Begitupula sang empu, seketika menolehkan kepalanya ke belakang dan langsung menghampiri wanita tersebut. "Iya, Bu?" tanyanya.
"Saya mau tanya sesuatu sama kamu."
"Oh, kalo boleh tahu, tentang apa, ya, Bu?"
"Hubungan kamu sama Oliver."
Deg!
Baru saja, satu masalah selesai. Dan, sekarang, masalah lain muncul. Tapi, jika boleh, Olivia berharap, ini takkan menjadi masalah selanjutnya.
"Kamu pasti udah tahu rumor yang lagi beredar," jeda Bu Weni diselingi kekehan. "Santai aja, saya nggak nakut-nakutin kamu, kok. Saya cuma mau bilang, kalo sebentar lagi, Oliver bakal sertijab OSIS. Dan, kalian, bisa bebas. Tapi, ingat, jangan sampai melewati batas," tuturnya.

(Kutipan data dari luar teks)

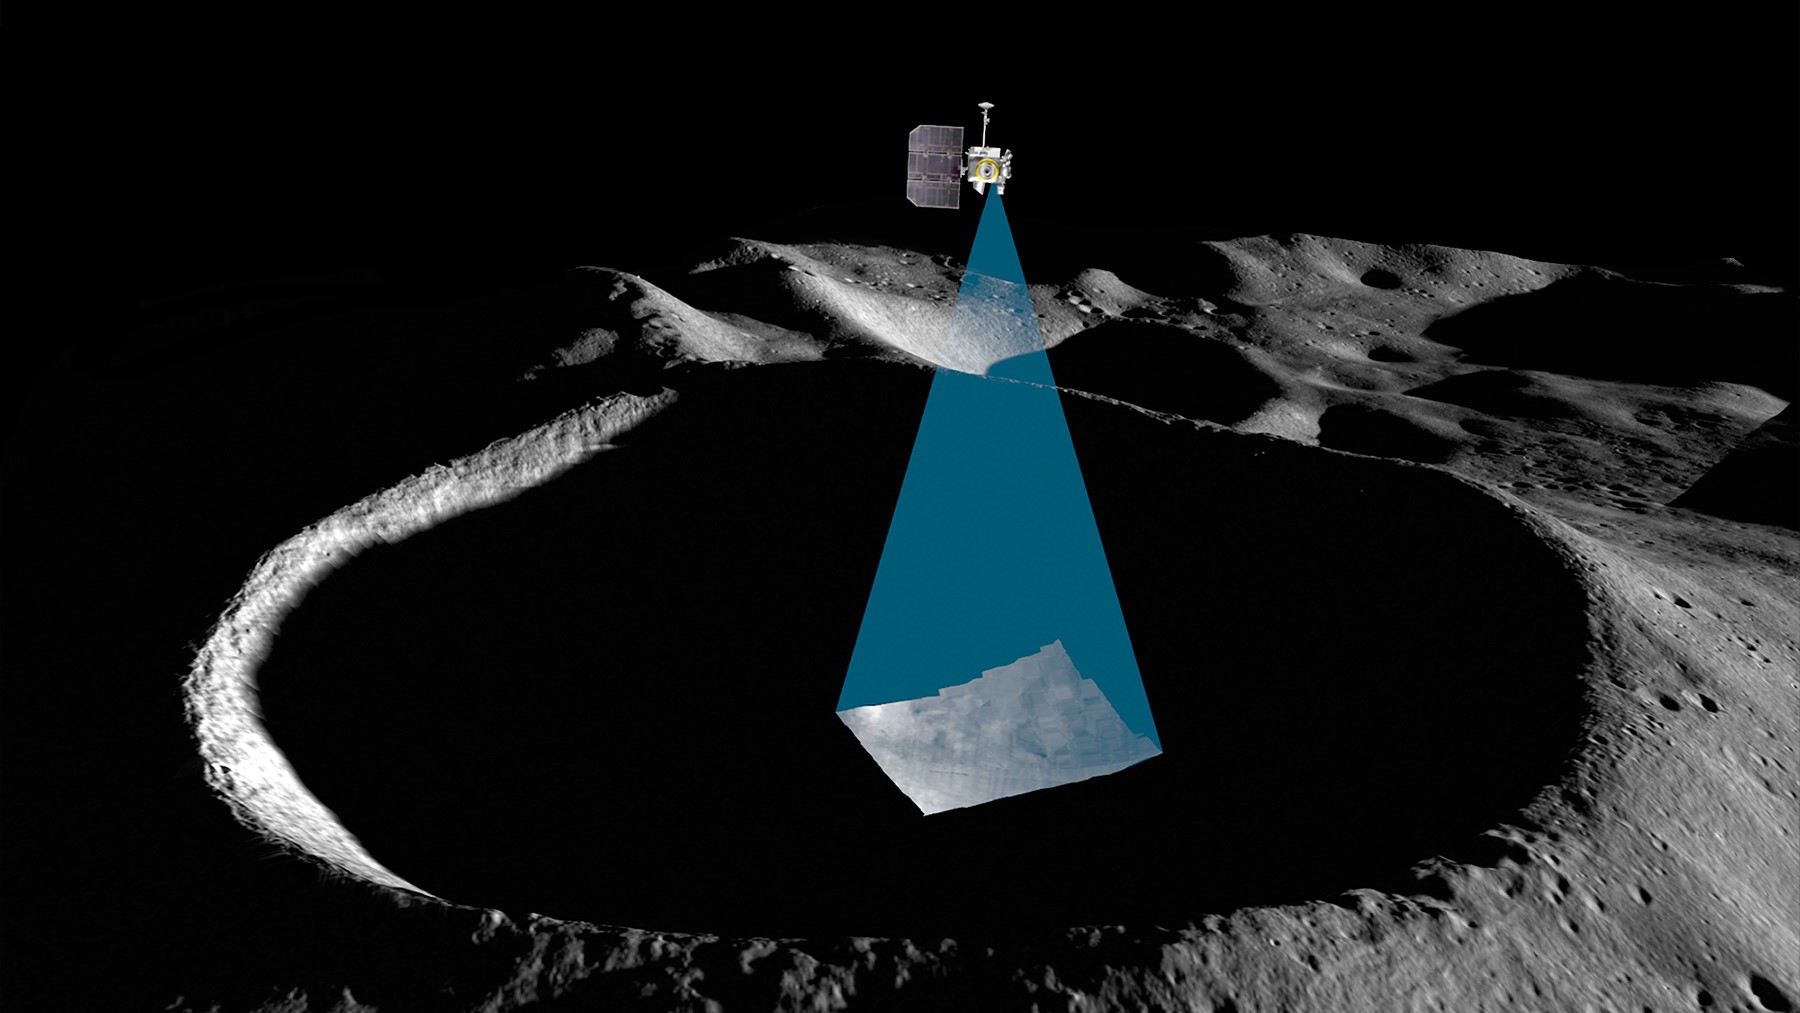 Kunstenaarsillustratie die een ruimtevaartuig toont dat een donkere maankrater scant en het oppervlak ervoor verlicht.

Olivia mengerutkan dahi. Ia mengerti apa yang dimaksud Bu Weni. "Bebas? Kami bestie-an aja, kok, Bu."
"Yakin?"
"Iya."
"Berapa persen?"
"Seratus persen." Itu hanya di lisan. Tidak dalam hati. Keduanya saling bertolak belakang.
Bu Weni tersenyum mendengar jawaban Olivia. Matanya beralih pada sosok laki-laki nampak menuruni tangga. "Ya udah. Tiati, ya. Udah ditungguin Oliver, tuh."

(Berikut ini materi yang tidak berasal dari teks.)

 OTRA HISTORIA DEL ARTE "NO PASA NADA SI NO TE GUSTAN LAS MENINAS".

"Iya, Bu." Olivia terkekeh. "Kalo gitu, saya pamit dulu. Mari."
"Konsultasi lagi?" tanya Oliver mengenakan helm sembari melihat Olivia mendekat ke arahnya.
Olivia menggeleng. "Nggak."
"And then? Masalah novel?"
Sekali lagi, Olivia menggeleng. "Nggak. Gegara gosip tentang kita kesebar. Terus, ya, aku ceritain yang sebenarnya, kalo kita bestie," jelasnya.

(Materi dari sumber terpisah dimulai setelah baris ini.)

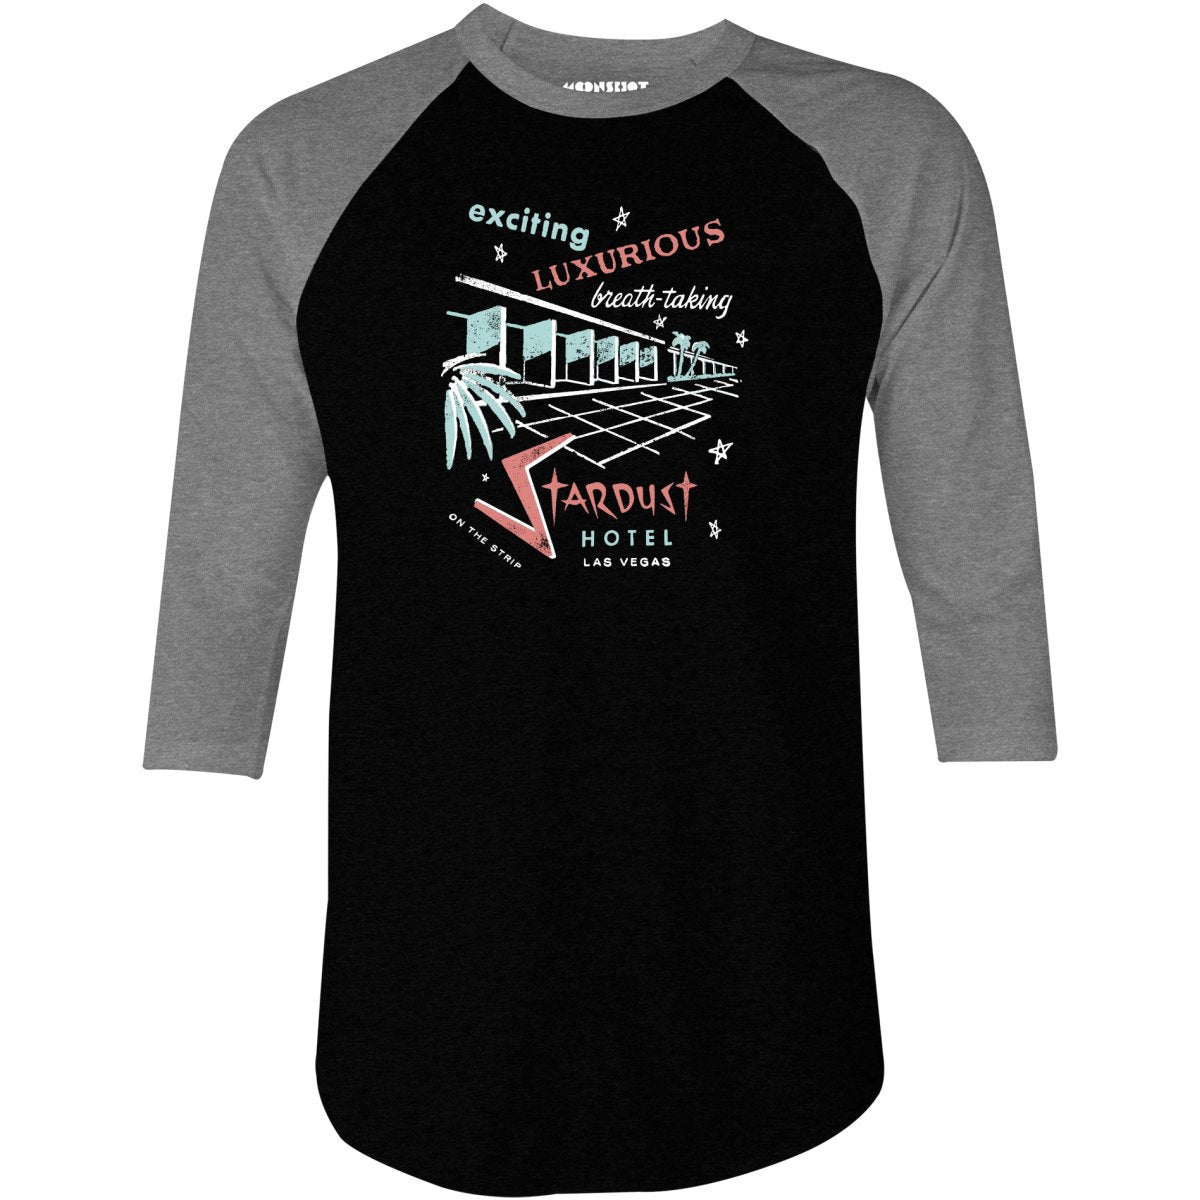 Stardust Hotel - Vintage Las Vegas - 3/4 Sleeve Raglan T-Shirt

Sejak kedatangannya, Olivia terus-menerus menatap sorot mata Oliver, menghargainya sebagai lawan bicara. Tidak hanya kepada laki-laki itu, tapi juga kepada semua orang yang ia temui. Dan, tentu saja, ia dapat menangkap perubahan sorot mata Oliver yang tak bisa dijelaskan.
"There's a problem?"
"No." Oliver seketika menghindari tatapan mata Olivia.
Apa gue salah ngomong, ya? Tapi, emang bener, kok, gue sama Oliver gak ada apa-apa. Walaupun, gue masih ada rasa ke dia.
Olivia mengangguk kecil, tak ingin memperpanjang masalah. "Temen-temenmu mana?" tanyanya mengganti topik.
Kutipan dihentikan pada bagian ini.